1979 book by Norberto Bobbio

Legal Positivism (Il Positivismo Giuridico) is a book by the Italian jurist Norberto Bobbio about one of the ontological elements of foundations of law — the jusphilosophical school called juspositivism or legal positivism.

==Importance==
Seen by scholars as an important work in understanding of a conceptual constructivist approach of the scientific way of thinking law in the new era of the jurisprudence of values, Bobbio's book faces this challenge in eleven chapters.

==Chapters==

===Part I===
Introduction: natural law and positive law in thinking along the history
1. Historical predecessors, relation between natural and positive law, the history context of the legal positivism, common law and civil law
2. The historical law school as predecessor; Thibaut versus Savigny about the codification of law in Germany
3. The Napoleonic Code in France; the exegesis school; Portalis
4. The origins of legal positivism in Germany; Bentham and Austin; the illuminist inspiration; Jhering's method of the juridical science

===Part 2===
Introduction: the main points of the juspositivism doctrine
1. Positivism as non-value judgments; legal realism and legal positivism; formalism and legal positivism
2. Definition of law as enforcement; Thomasius; Kant; Jhering; Ross
3. Sources of law; judicial decisions as sources of law; equity; nature of things (Natur der Sache); uses and habits
4. Imperative theory; Austin; Thon
5. The theory of legal order
6. The interpretation function of jurisprudence; integration and analogy
7. Positivism as ideology; legal order as value of law

==Criticism==
"The legal positivism considers only what is put by the State.
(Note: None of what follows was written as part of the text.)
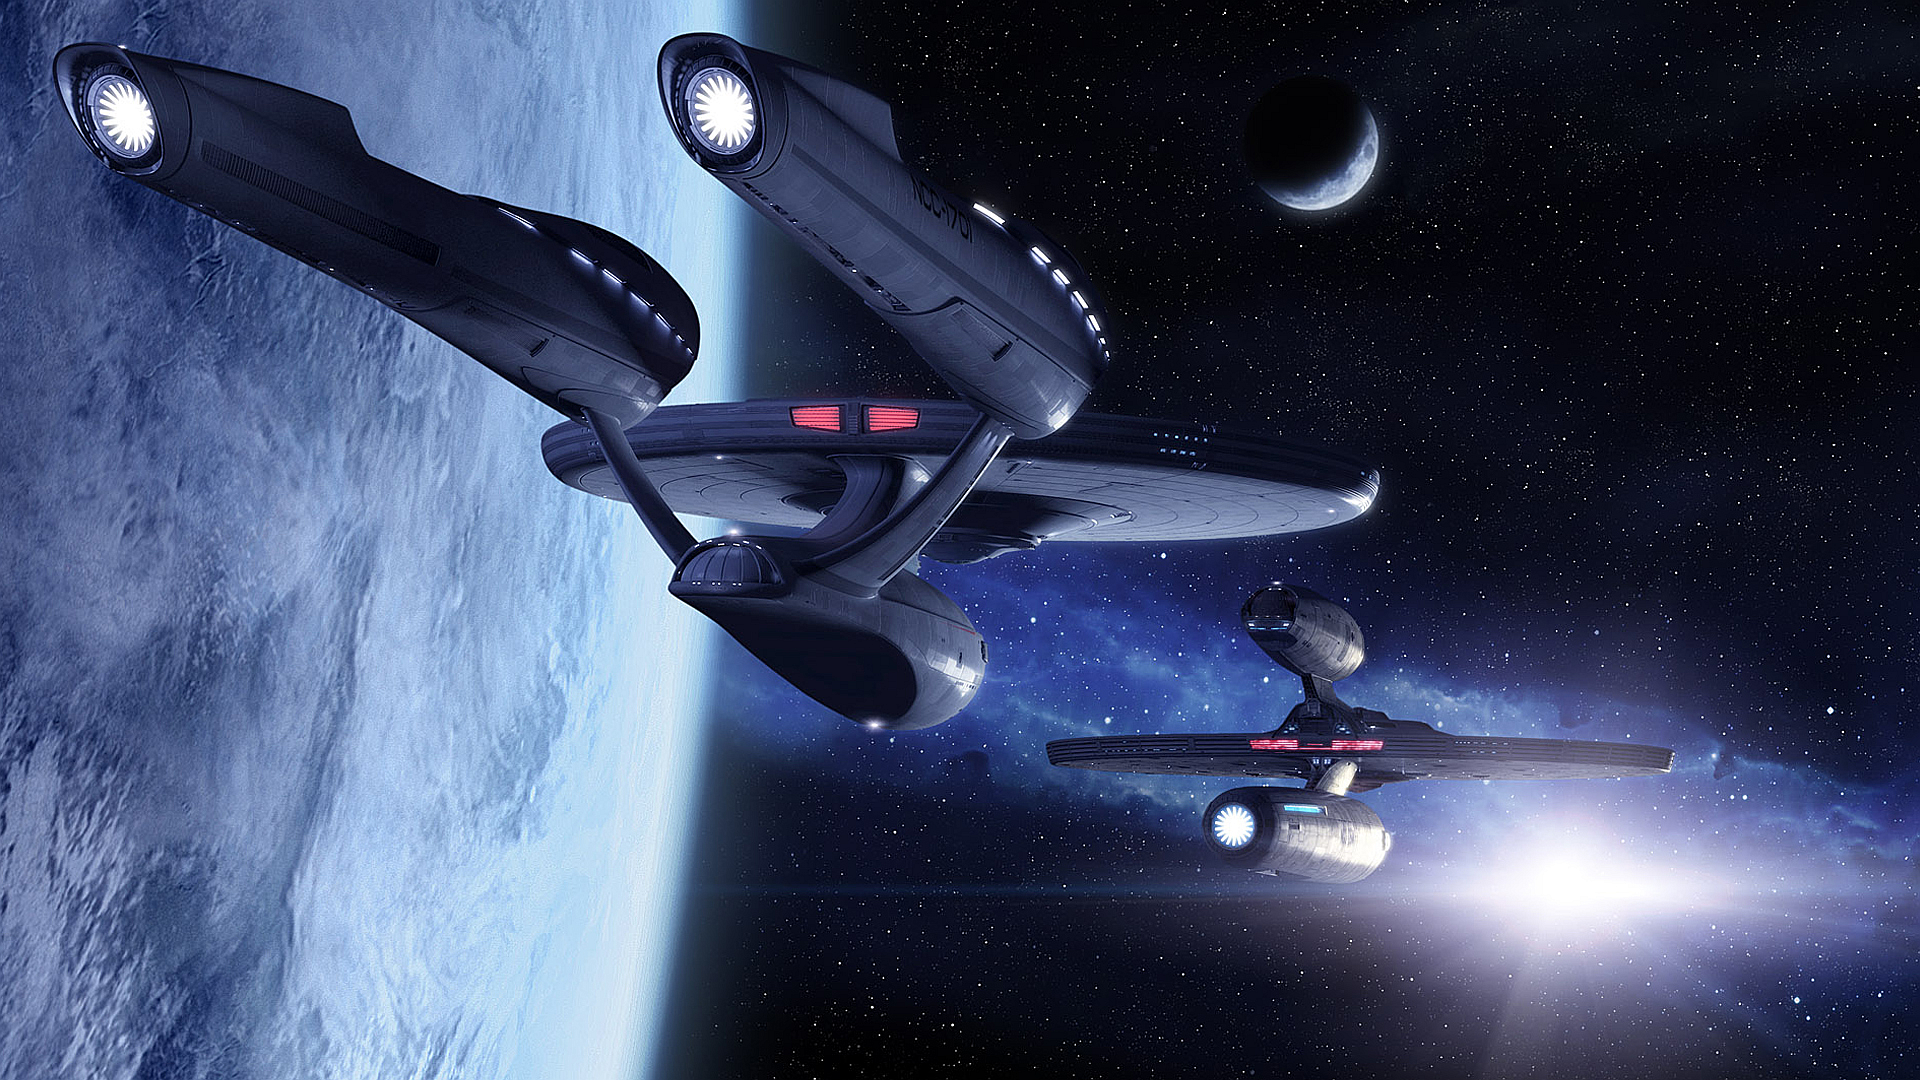 Wallpaper USS Enterprise and USS Kelvin from Star Trek

Its basic thesis is that the law is product of human action and desire and no more of the divine natural or rational as affirmed formerly by the jusnaturalism. Various authors also defend that there isn't necessarily a relation between law, moral and justice, because notions of justice and moral are time and space dependent and without political power to support them and impose them against who creates the juridical norms"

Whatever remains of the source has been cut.